┌─ Working data

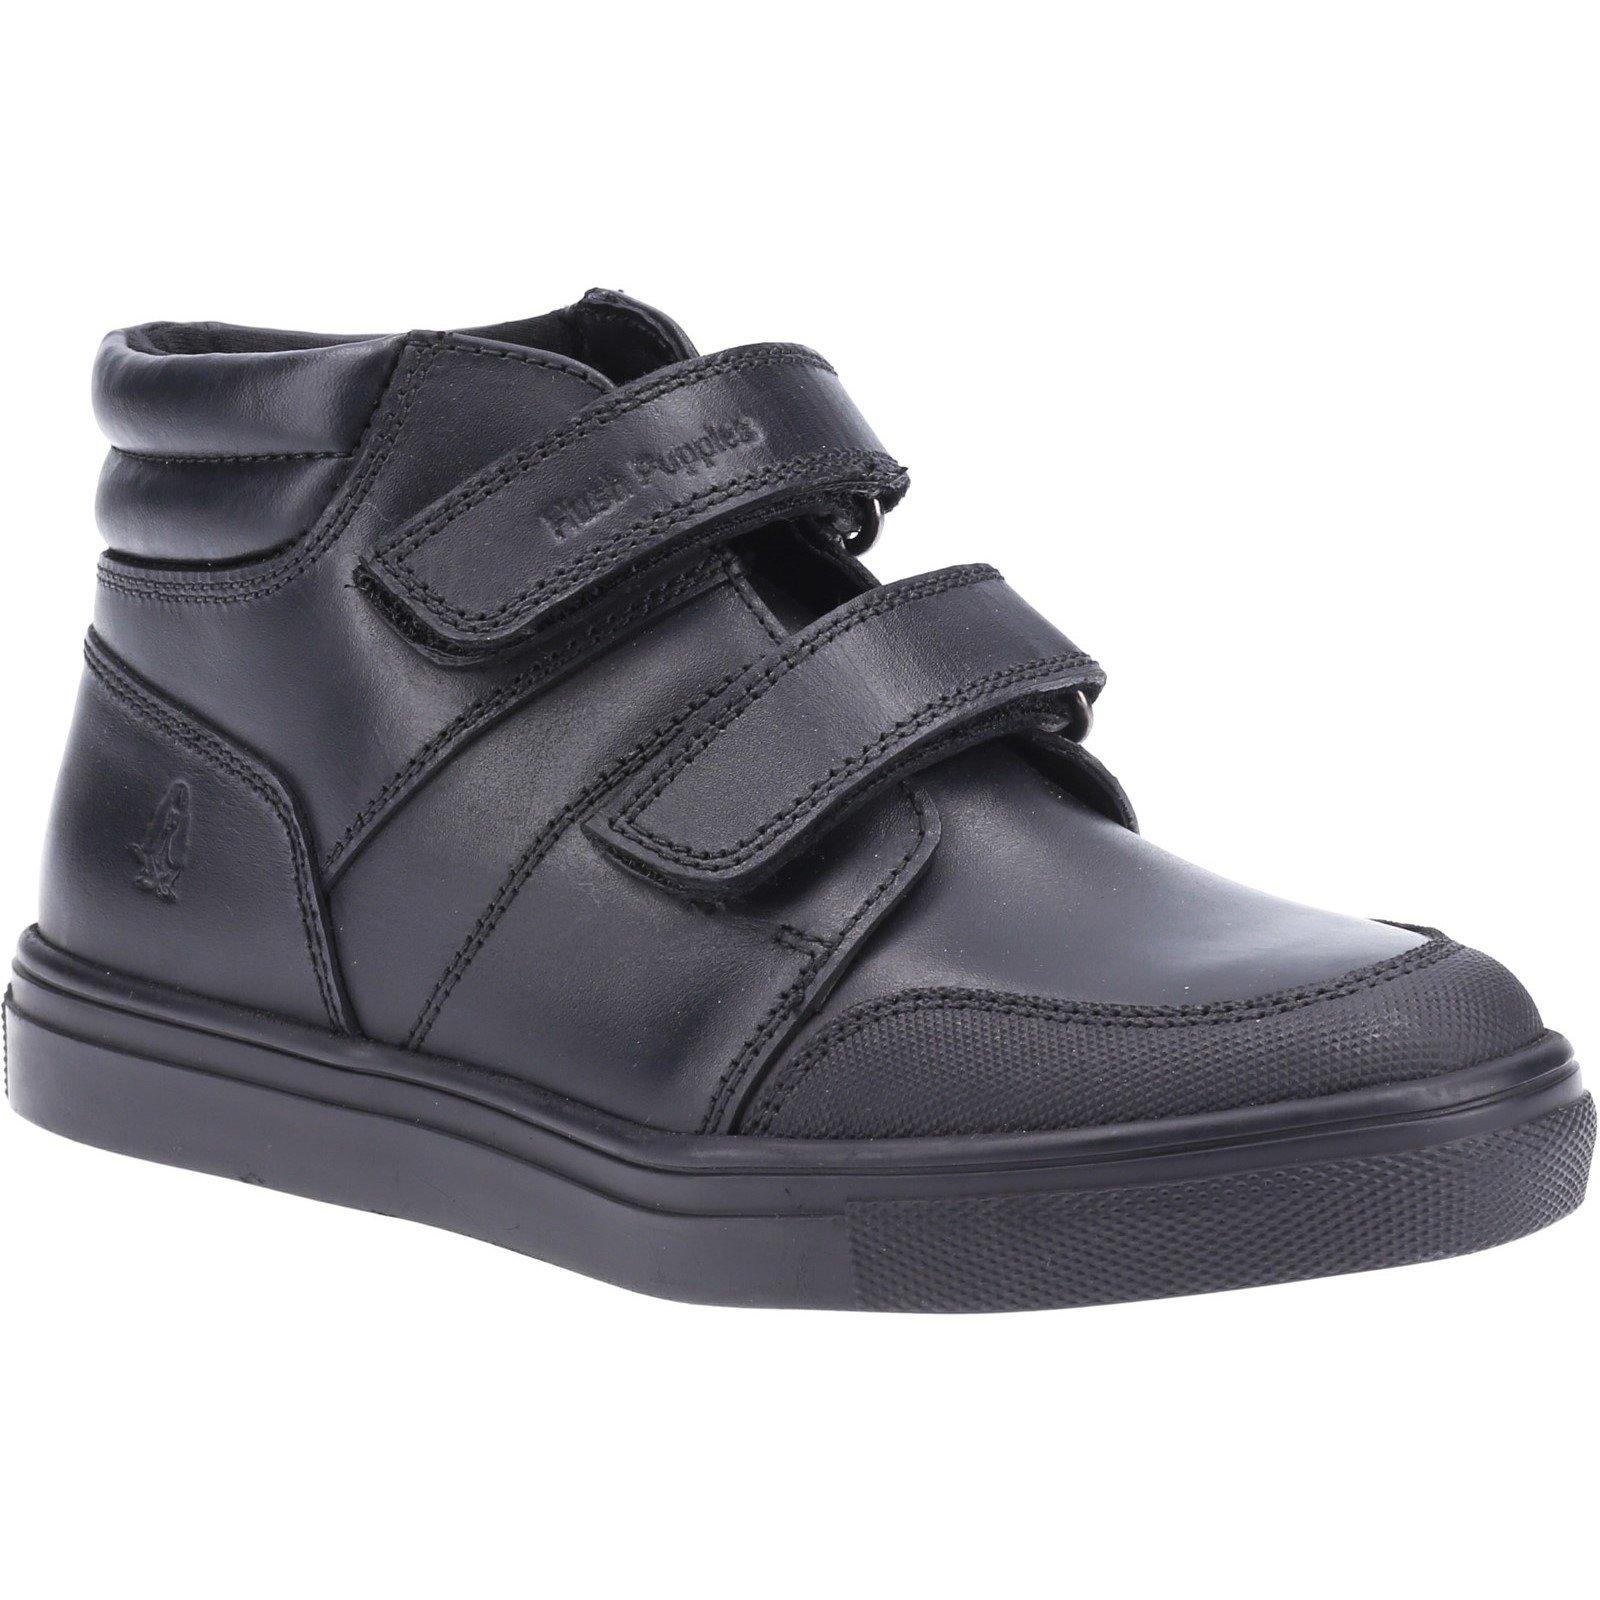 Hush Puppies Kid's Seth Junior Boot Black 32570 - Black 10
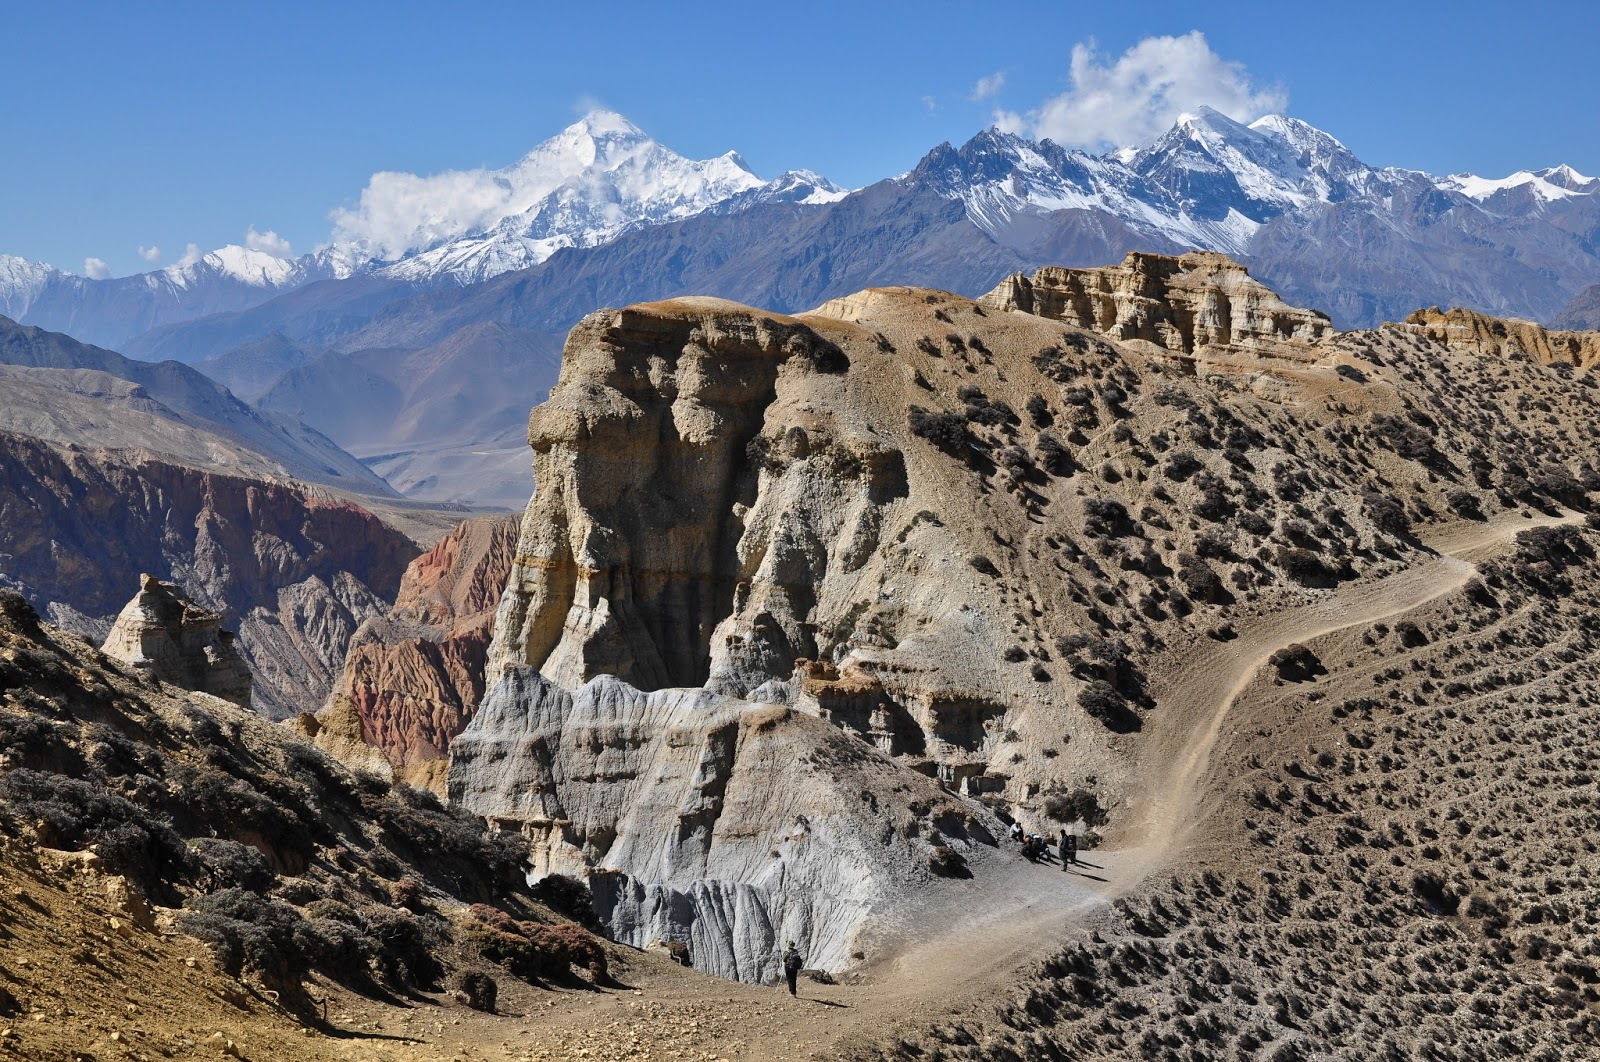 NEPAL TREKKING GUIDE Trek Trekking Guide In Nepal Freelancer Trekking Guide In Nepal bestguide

└─
┌─ Working data

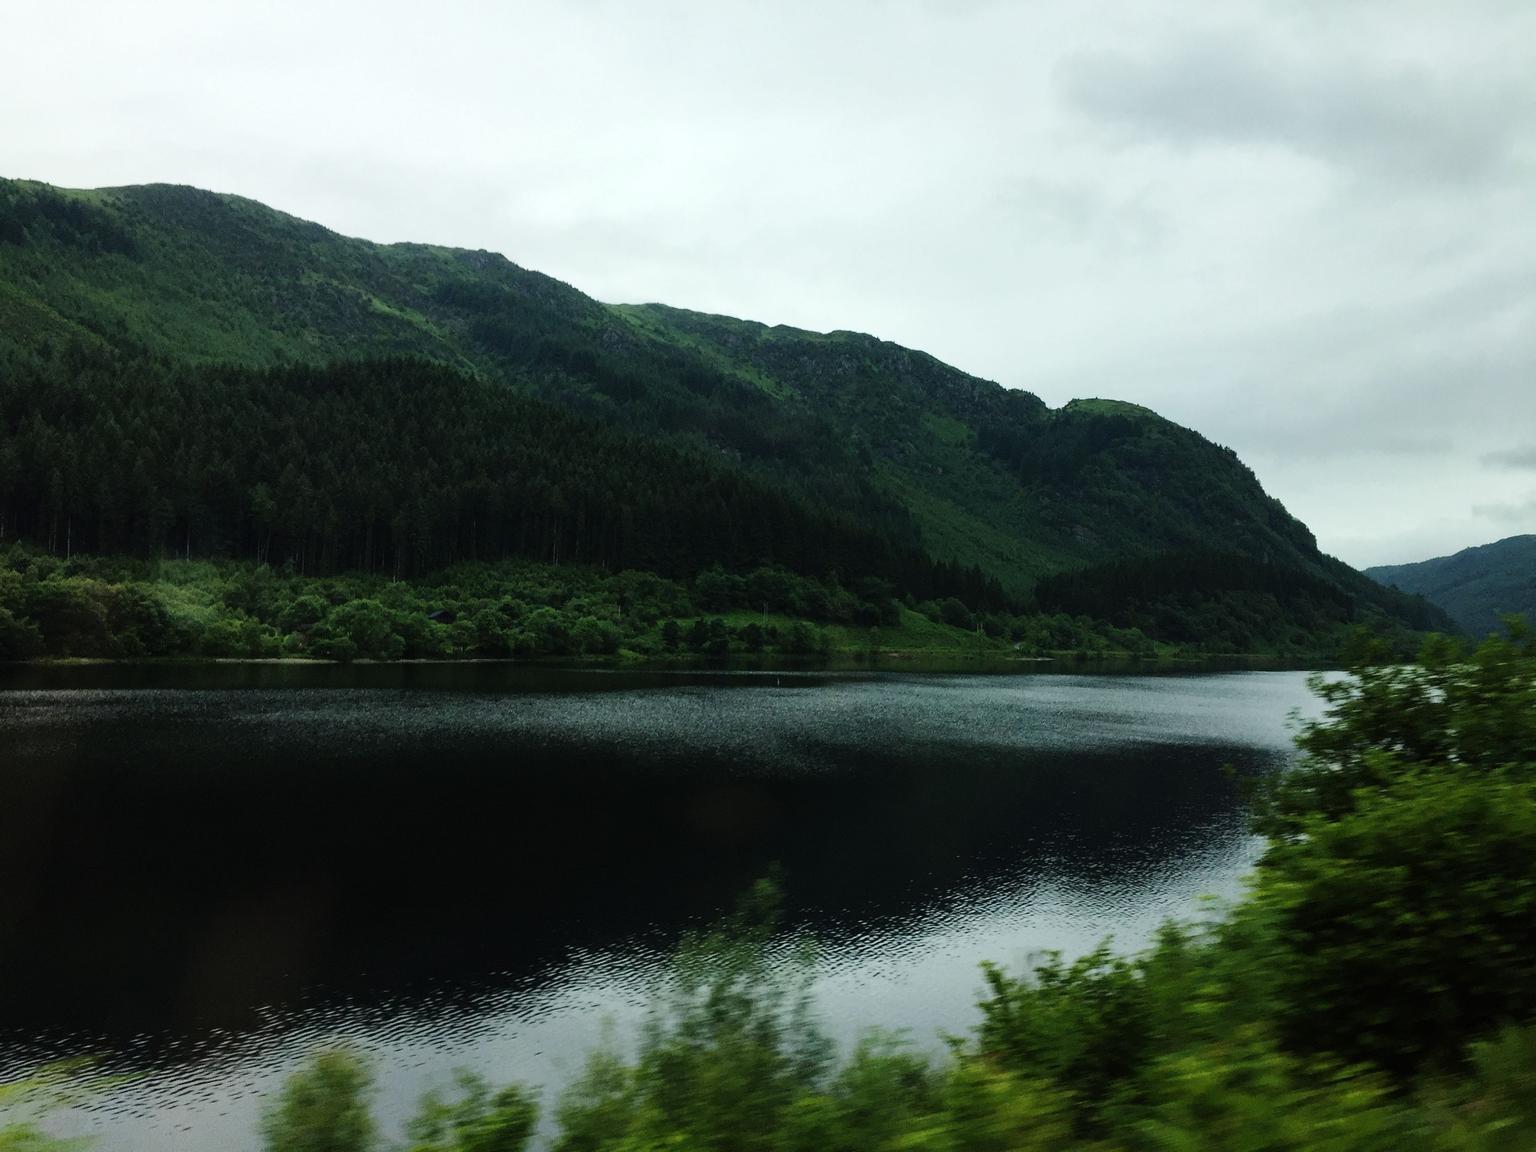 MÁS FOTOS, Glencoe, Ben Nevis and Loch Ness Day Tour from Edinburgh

└─

- Goal of the exercise -
Print, exactly and with no pictures, the lines of the listing above starting at the one that has "Hush Puppies Kid's" and ending at the one that has "NEPAL TREKKING GUIDE", both included.

- Worked solution -
 Hush Puppies Kid's Seth Junior Boot Black 32570 - Black 10
 NEPAL TREKKING GUIDE Trek Trekking Guide In Nepal Freelancer Trekking Guide In Nepal bestguide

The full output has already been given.